Common beginner mistakes (and how to avoid them)
Treating GSC like a daily dopamine app
Daily fluctuations are normal. Monthly comparisons reduce noise and help you make better decisions.
Obsessing over average position
Average position blends multiple queries, locations, and contexts. Use it as a trend signal, then drill into specific pages and queries.
Panicking about every “Excluded” URL
Exclusions are normal. Look for sudden changes or important pages being excluded.
Assuming GSC clicks should match analytics sessions exactly
Different attribution rules, privacy thresholds, and measurement methods mean they won’t line up perfectly. Use each tool for what it does best.
Fixing everything at once
A smaller, consistent routine beats a chaotic “big audit” that happens once a year.
If you want to translate these findings into a practical improvement plan, keep a running “top issues list” and review it monthly with whoever owns your website—whether that’s internal, a dev, or an external partner. Some teams also keep a short reference page for technical SEO support, so the escalation path is clear when something becomes urgent.
When it’s time to bring in a specialist
There’s a difference between “normal GSC noise” and “this needs expertise”.
Consider getting help if you see:
• a large sudden drop in indexed pages
• critical pages blocked by robots/noindex
• repeated “Google chose different canonical” across important sections
• manual actions or security issues
• persistent indexing exclusions for important pages despite improvements
• site migrations or large URL structure changes
• major template changes causing widespread CWV issues
These are the situations where a wrong fix can make things worse, so it’s worth slowing down and doing it properly.
If you’re building internal capability, you can still keep the monthly routine in-house—and escalate only the high-risk items when they appear. Many businesses use a simple escalation path (owner → marketing → dev/agency) and reference it inside an organic growth checklist document or SOP so the next step is always obvious.
FAQ
How long does it take for changes to show up in Google Search Console?
It varies. Some changes (like metadata updates) can be reflected after Google re-crawls and reprocesses a page, while broader site changes may take longer to stabilise. Focus on consistent comparisons (28 days vs previous 28 days) rather than expecting instant results.
What’s the first thing I should check if traffic drops suddenly?
Start with Performance comparisons, then check Indexing > Pages for spikes in exclusions, then inspect a couple of key URLs.
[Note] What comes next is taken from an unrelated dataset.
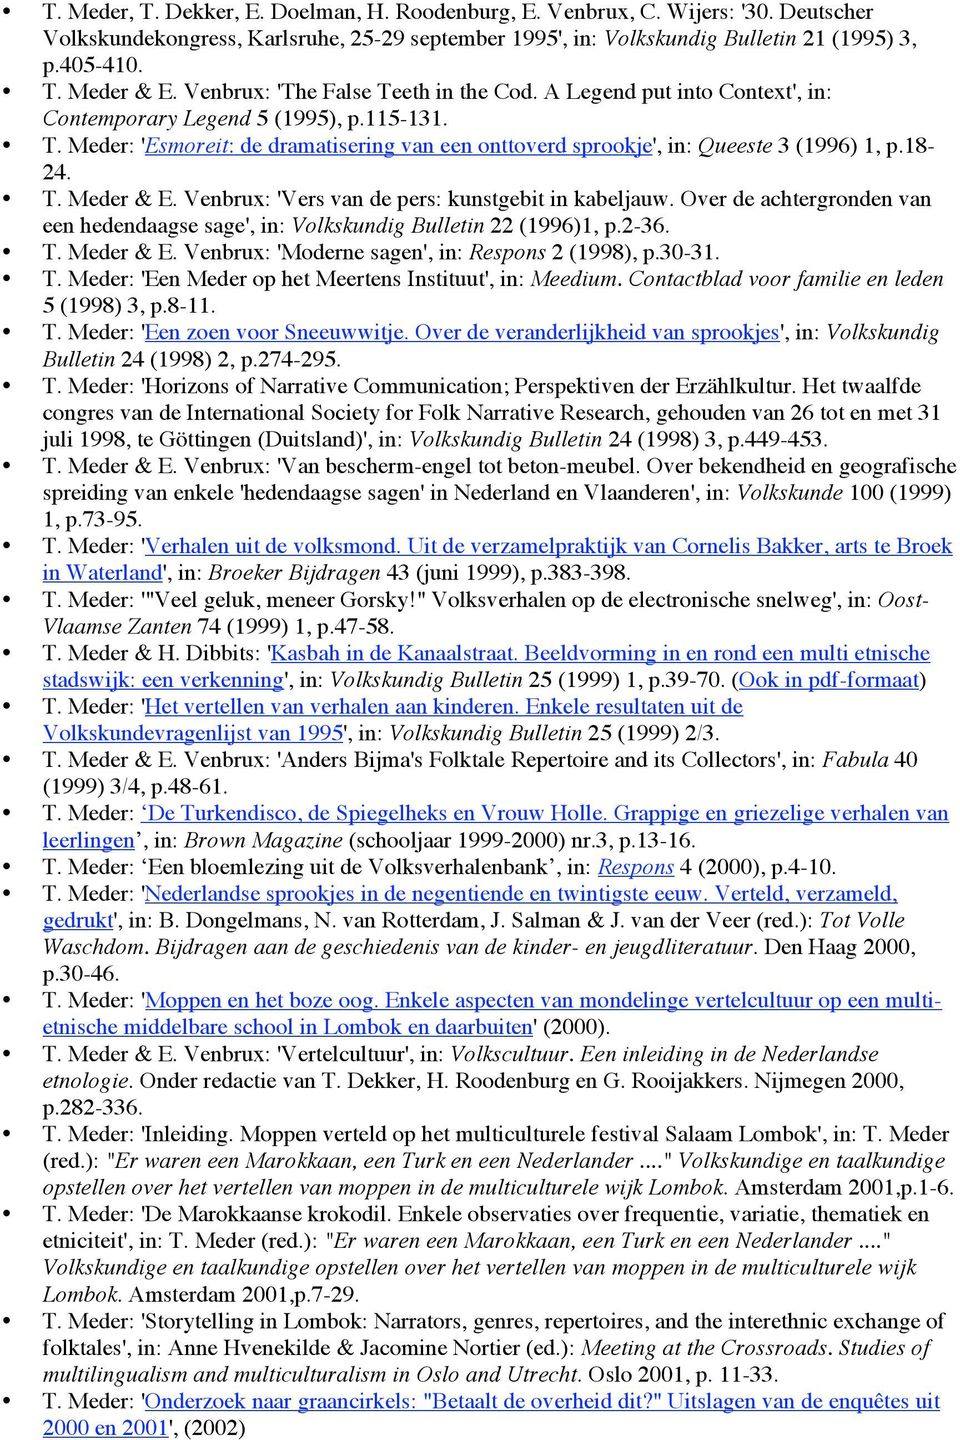 18-24. T. Meder & E. Venbrux: 'Vers van de pers: kunstgebit in kabeljauw. Over de achtergronden van een hedendaagse sage', in: Volkskundig Bulletin 22 (1996)1, p.2-36. T. Meder & E. Venbrux: 'Moderne sagen', in: Respons 2 (1998), p.

This sequence usually tells you whether it’s a measurement/seasonality issue, a ranking shift, or an indexing/technical problem.
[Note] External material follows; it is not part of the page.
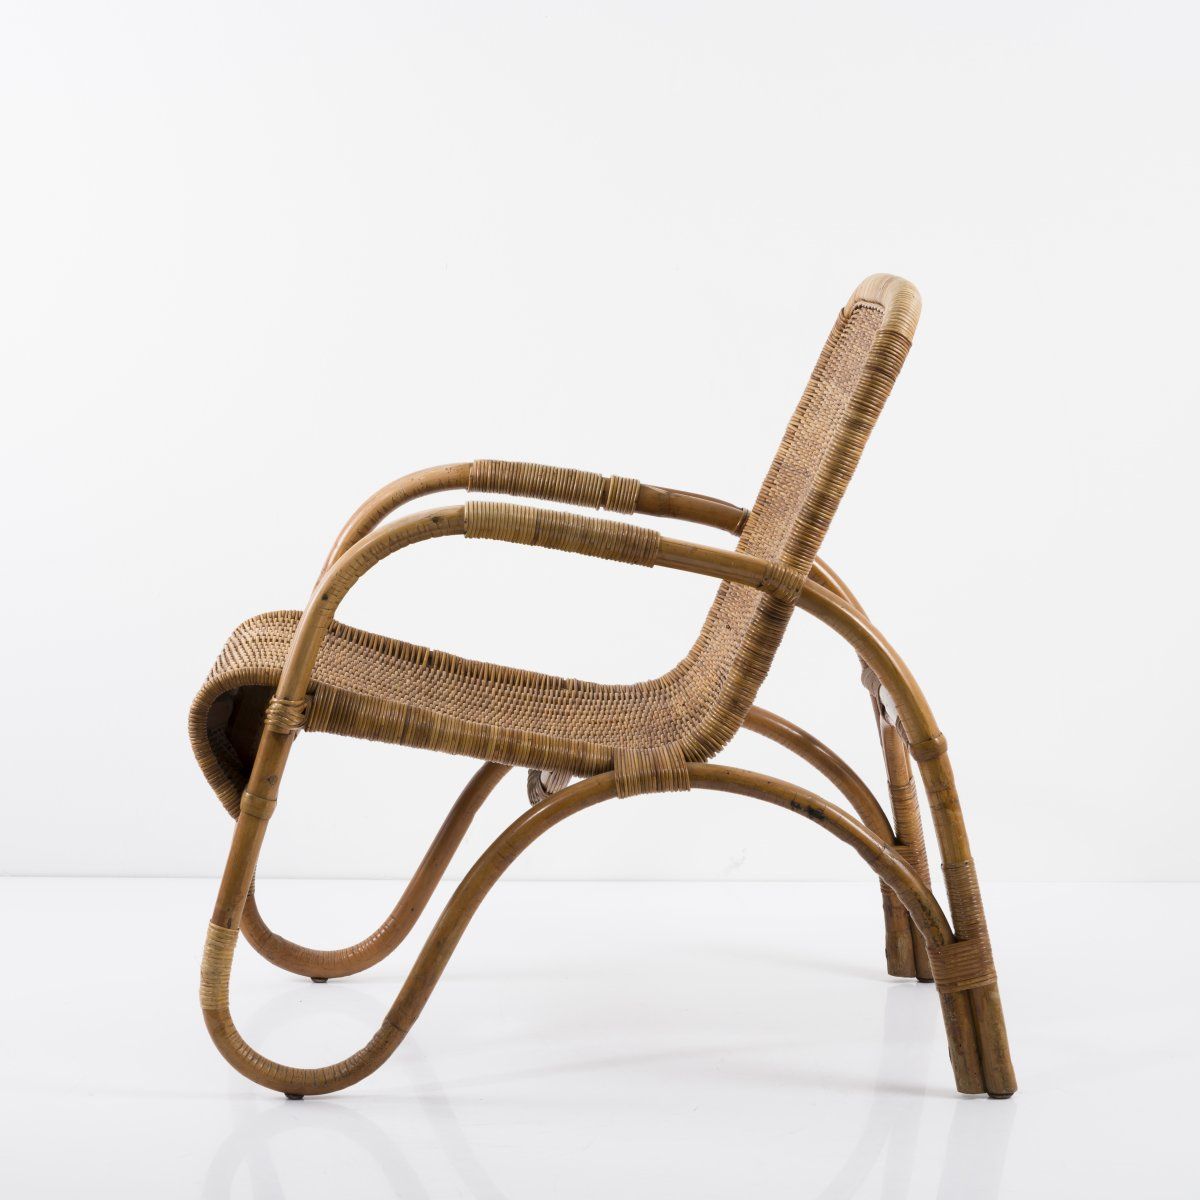 Null Erich Dieckmann（风格），柳条扶手椅，1930年代，高77.5 x 58 x 79.5厘米。竹制藤条，藤织品。

Is it bad to have “Discovered – currently not indexed” pages?
Not always. A few can be normal. A large spike can indicate Google is finding many URLs it doesn’t prioritise crawling—sometimes from thin pages, duplicates, or site structure issues.
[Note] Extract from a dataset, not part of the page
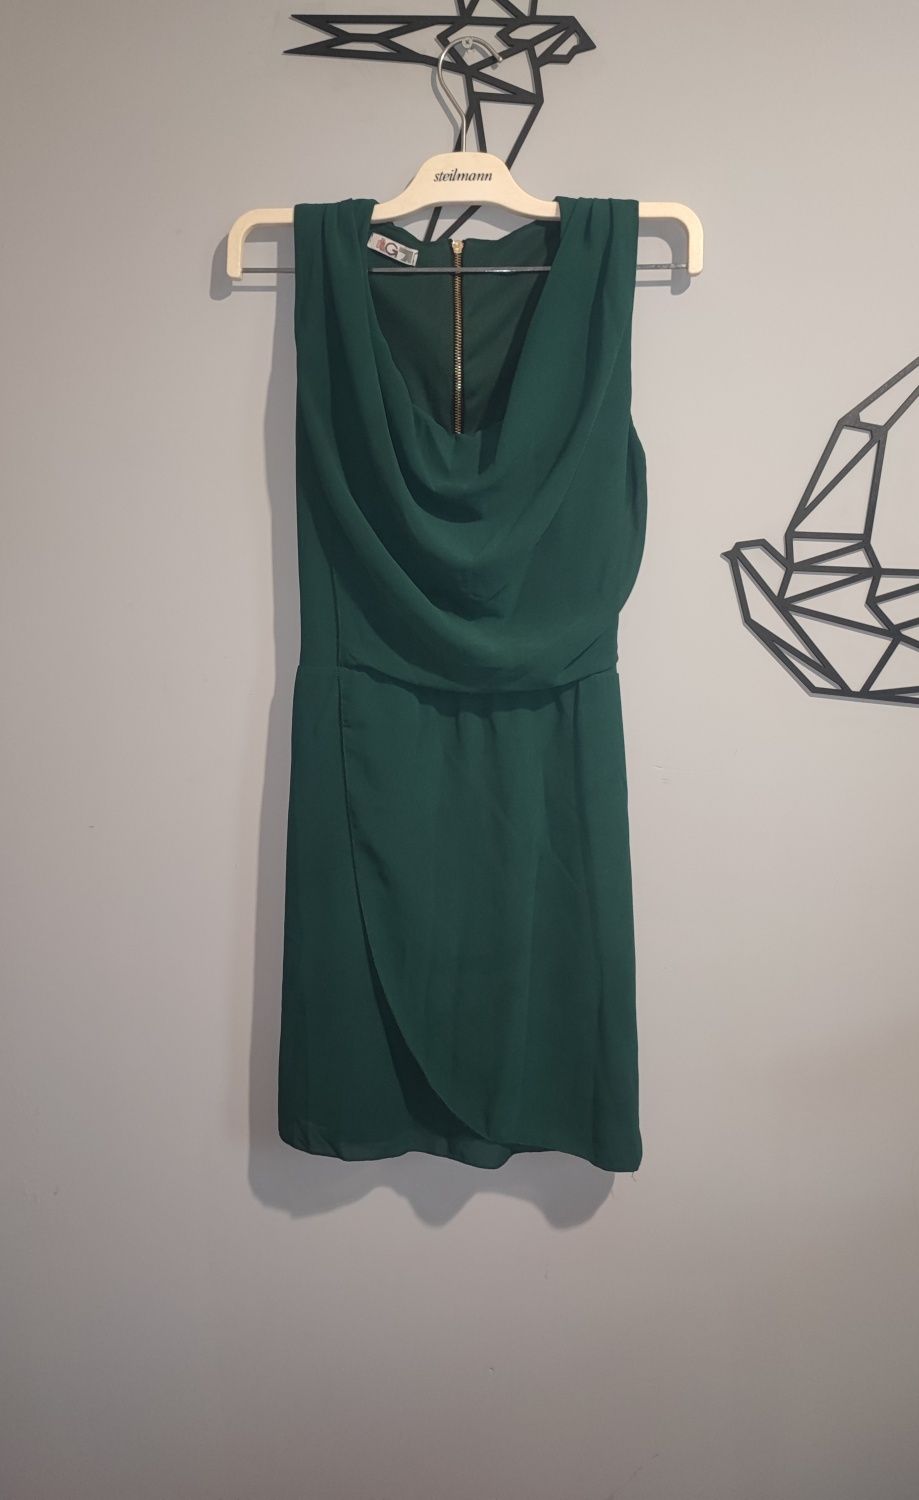 Zielona sukienka z wiązaniem WalG S

Why do I have 404 errors in Search Console if my site “seems fine”?
Because Google can discover URLs from old links, past sitemaps, external websites, or internal links you forgot existed. Fix the internal links, add redirects where appropriate, and let truly obsolete URLs remain 404 if there’s no relevant replacement.
Should I submit a sitemap even if my site is small?
Yes. It’s quick, low effort, and helps with discovery—especially if you publish new pages and want Google to find them efficiently.
What’s the difference between impressions and clicks?
• Impressions = your page appeared in search results for a query
• Clicks = someone clicked through to your site
If impressions rise without clicks, CTR and snippet relevance are the next places to look.